Overview
The 股市舆情情感分类可视化系统 is a sophisticated web application that leverages modern web development frameworks such as Django, Bootstrap, and Echarts to analyze sentiment in stock market discussions. This platform enables users to tap into historical stock trading data while utilizing machine learning techniques for text classification through a Naive Bayes approach. It is a valuable tool for investors and analysts, providing crucial insights into market sentiment based on user-generated content from popular financial forums.
This application’s architecture ensures smooth data flow and visualization, transforming complex data into intuitive graphical representations. With regular updates and planned enhancements, it promises to support users in making informed investment decisions.
Features
- Historical Trading Data: Access to extensive historical trading data allows users to analyze stock performance over time.
- Word Cloud Visualization: Generate dynamic visualizations of relevant terms related to individual stocks, enhancing the understanding of market discourse.
- Sentiment Dictionary: Utilize a comprehensive sentiment dictionary to predict market sentiment effectively.
- Machine Learning Predictions: Implement machine learning algorithms, specifically the Naive Bayes method, to classify and predict sentiment from textual data.

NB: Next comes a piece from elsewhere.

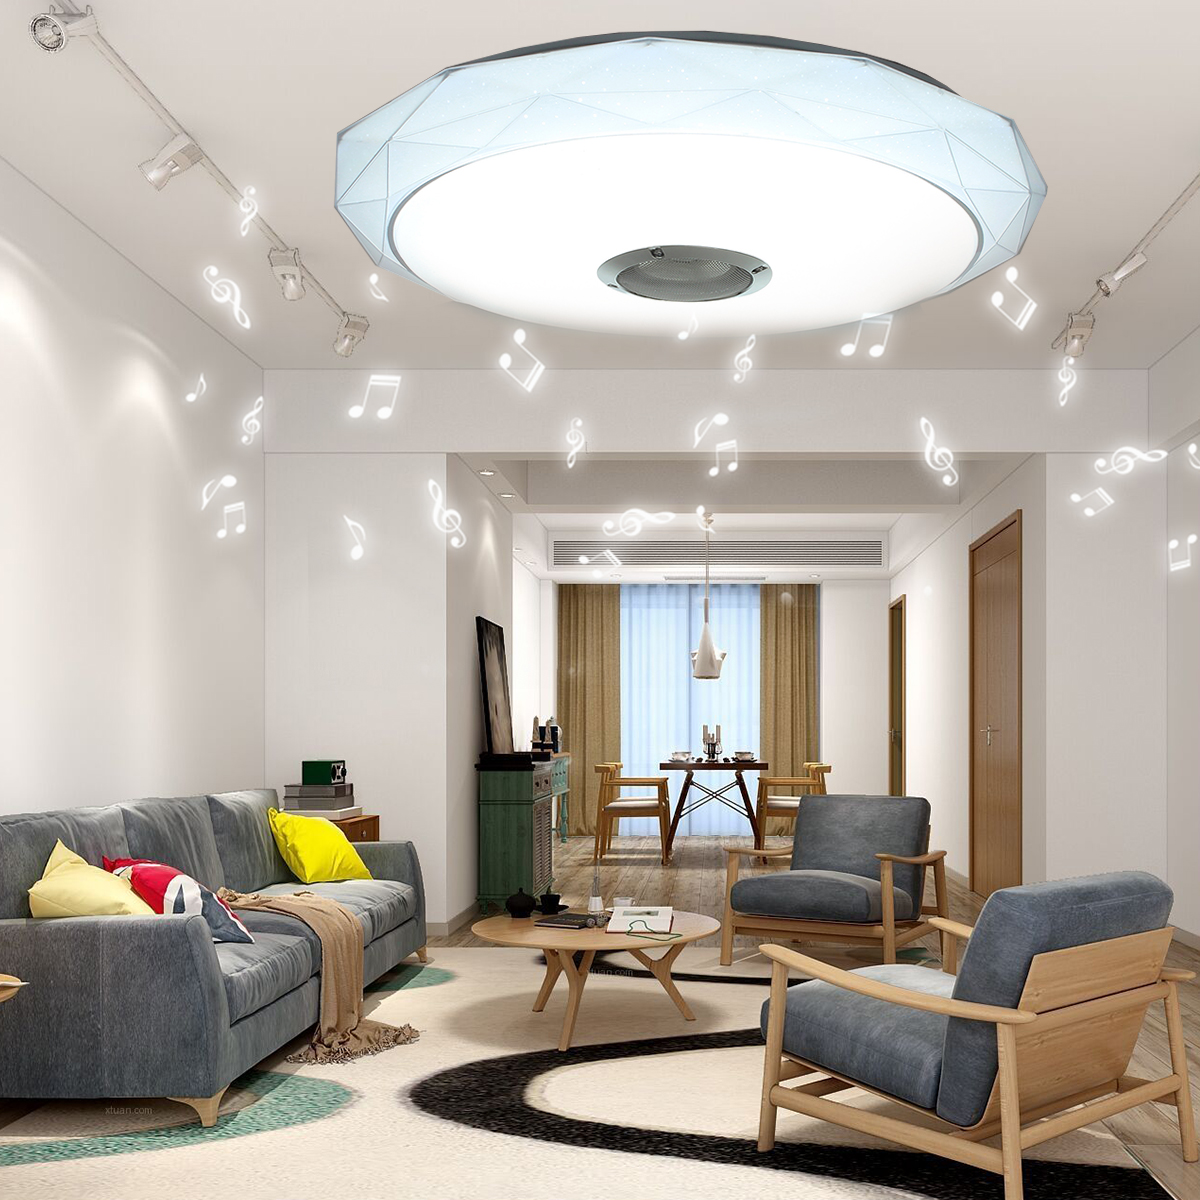 Dimmable LED Ceiling Lights Bluetooth Speaker Smart Remote Control RGB LED Music Loundspeaker Lamp Living Room Bedroom Fixture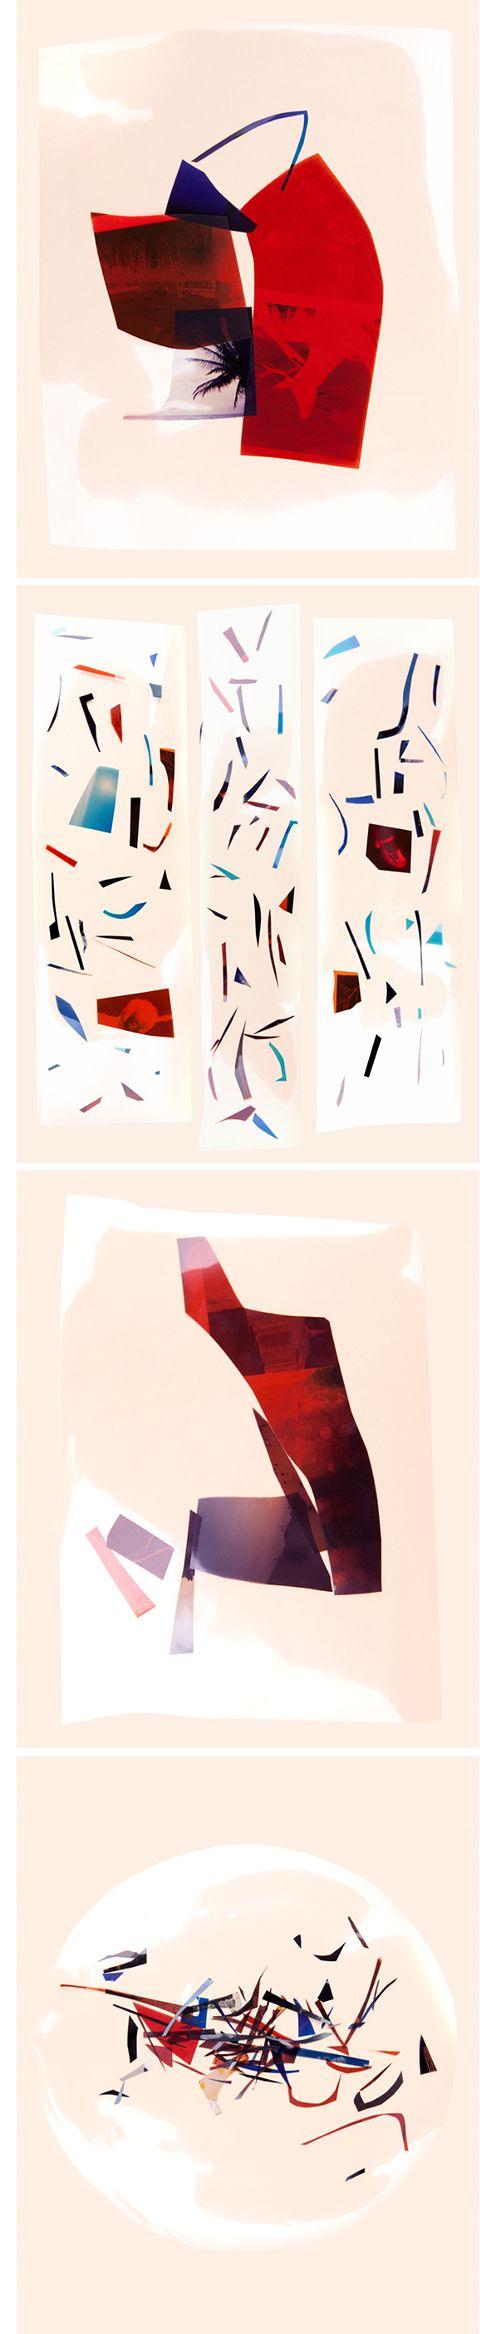 Brea Souders    via http://breasouders.com/Art Work, Http Breasoud Com, Painting Art, Cut Film, Brea Souders, Graphics Design, Paper Planes, Http Breasouders Com

- User-Friendly Interface: The integration of Bootstrap ensures that the web UI is mobile-responsive and easy to navigate.
- Future Enhancements: Plans for optimization and expansion include introducing additional financial models and refining the training data set for improved accuracy.
- Local Setup Instructions: Easy to deploy locally using the Django framework with straightforward setup instructions for quick access to the application.
- Cross-Platform Compatibility: Designed for both desktop and mobile use, ensuring accessibility for all users on various devices.